WORK REQUEST:
Your reply should reproduce the data below without a single alteration, apart from dropping the images.

GIVEN INFORMATION:

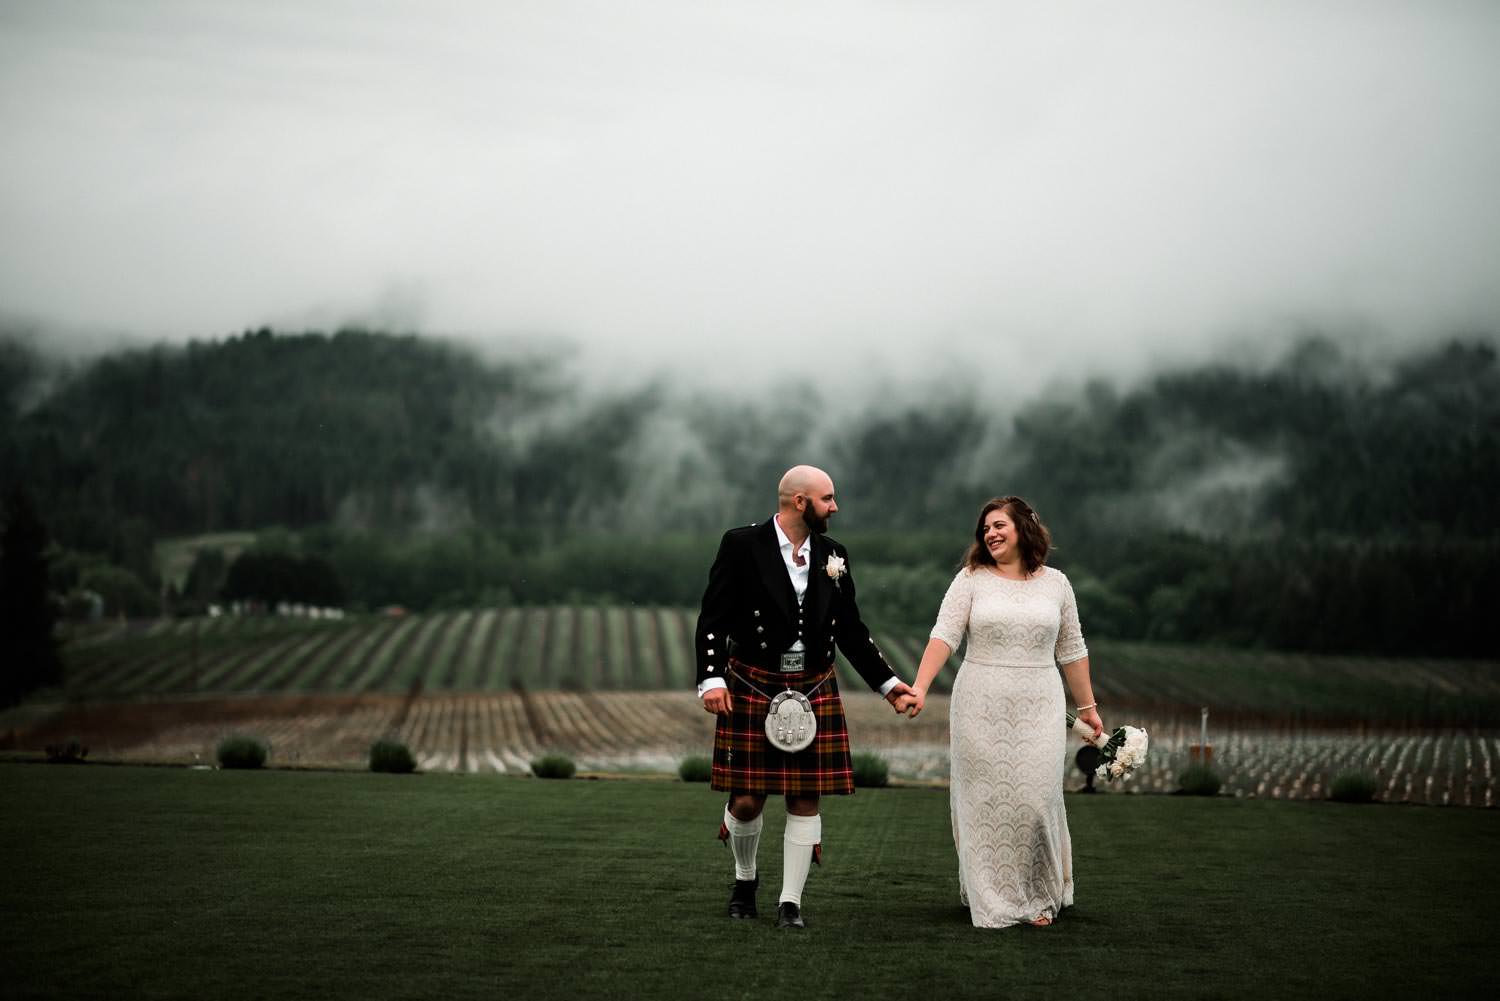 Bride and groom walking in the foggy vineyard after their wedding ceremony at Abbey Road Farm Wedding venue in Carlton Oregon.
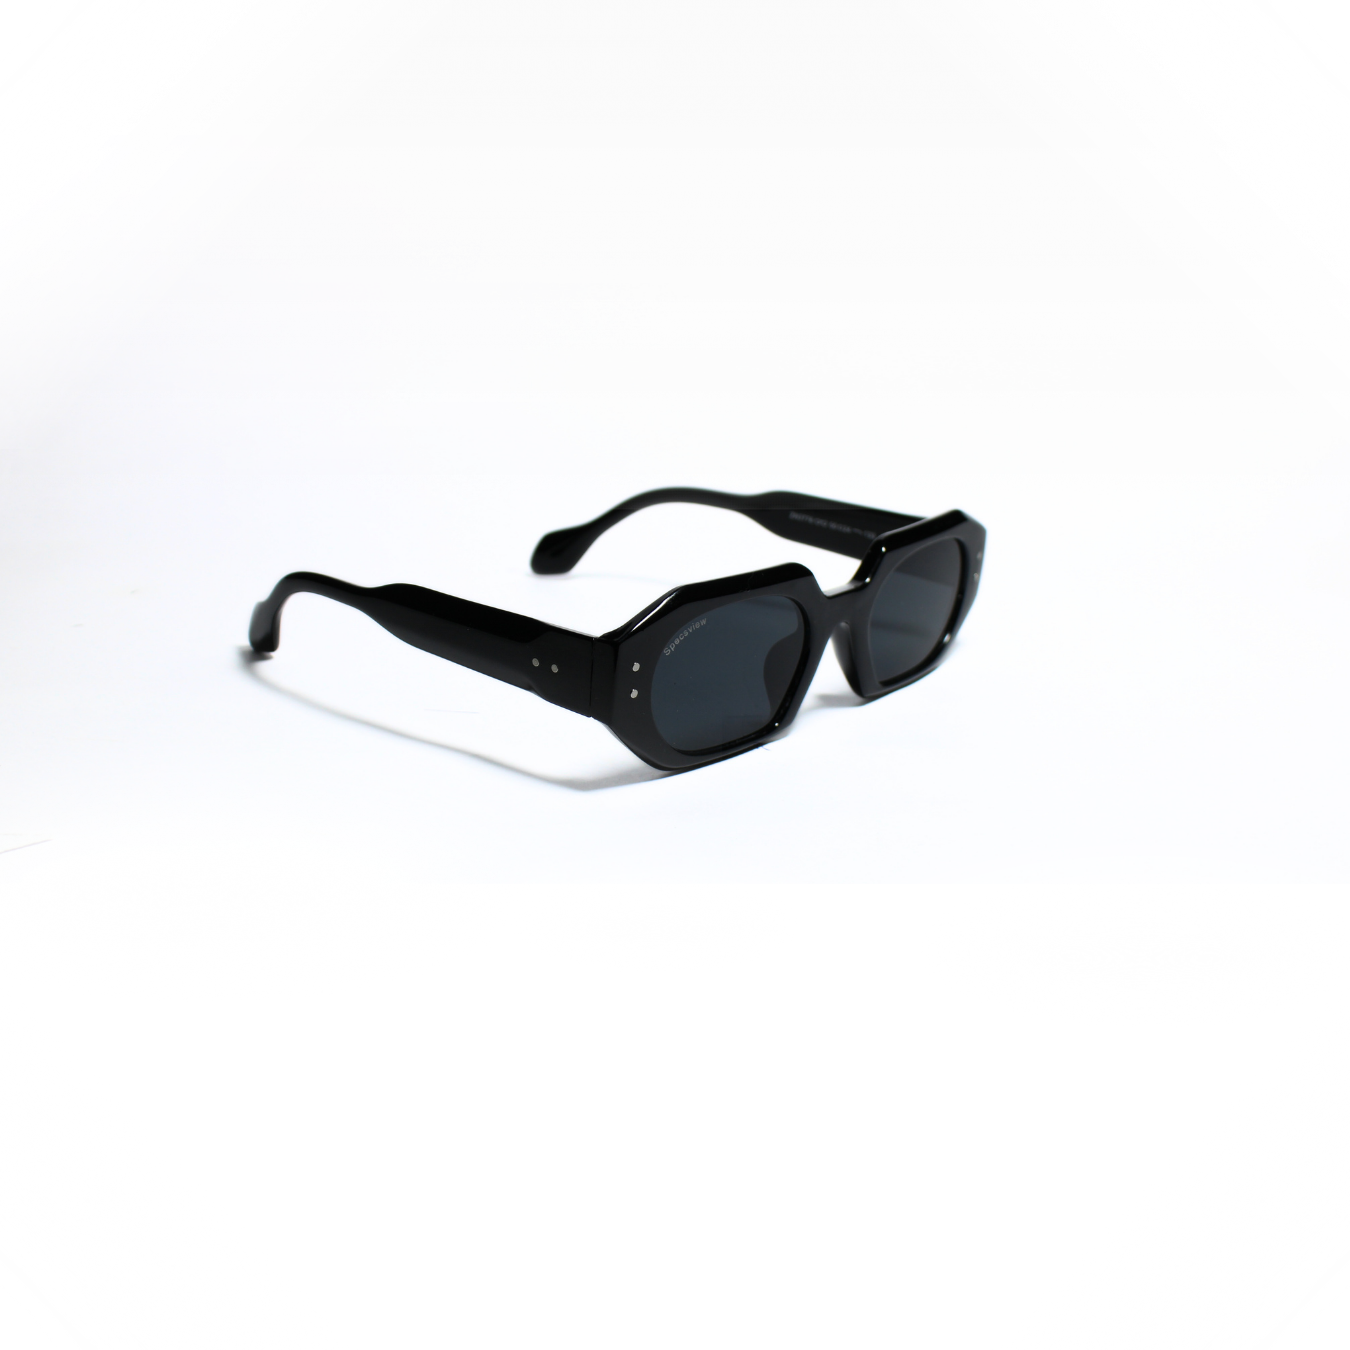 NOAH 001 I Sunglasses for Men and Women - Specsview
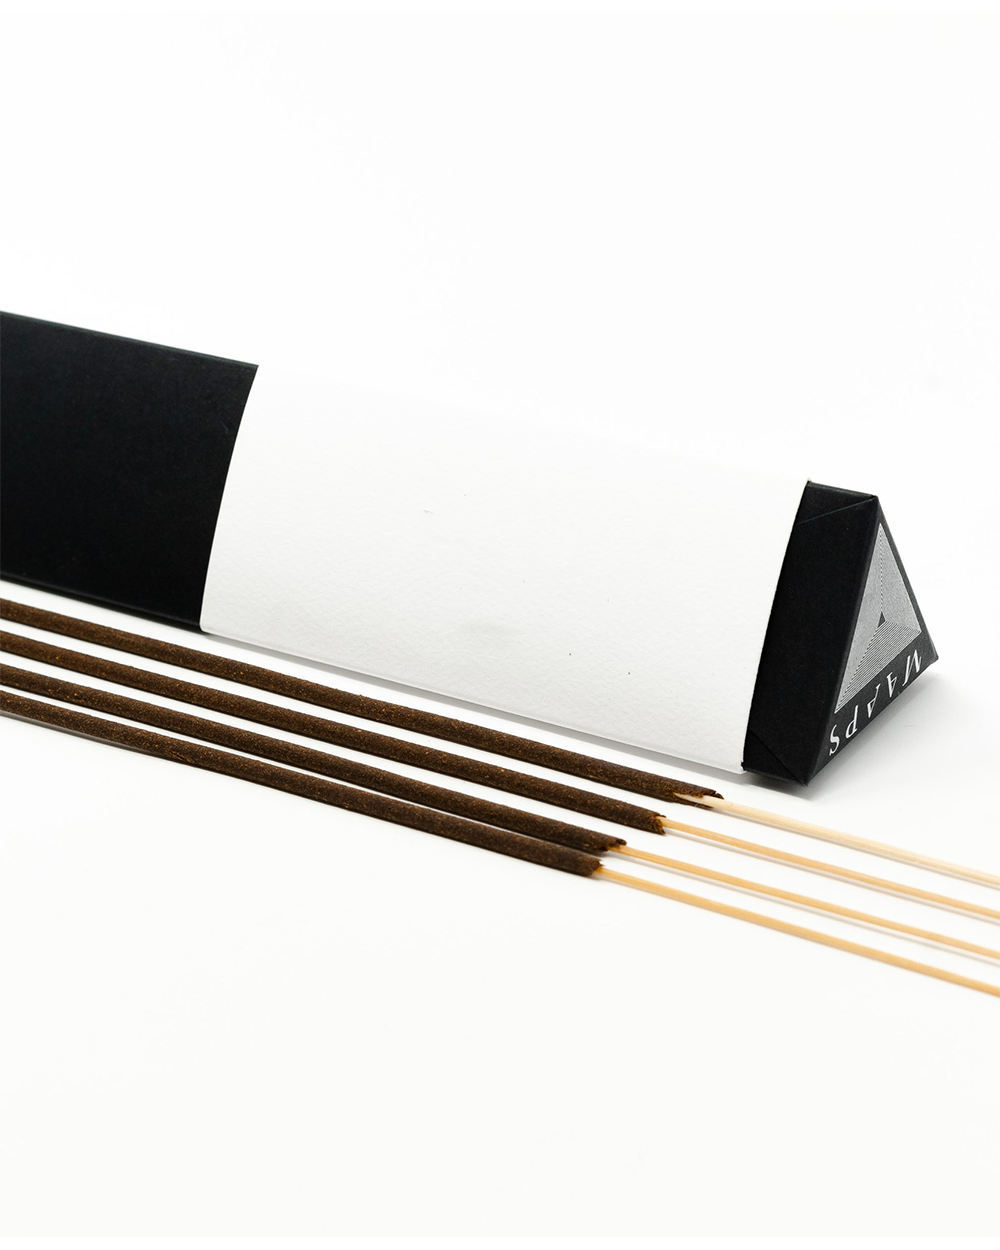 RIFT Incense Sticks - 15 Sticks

ANSWER AREA:
 Bride and groom walking in the foggy vineyard after their wedding ceremony at Abbey Road Farm Wedding venue in Carlton Oregon.
 NOAH 001 I Sunglasses for Men and Women - Specsview
 RIFT Incense Sticks - 15 Sticks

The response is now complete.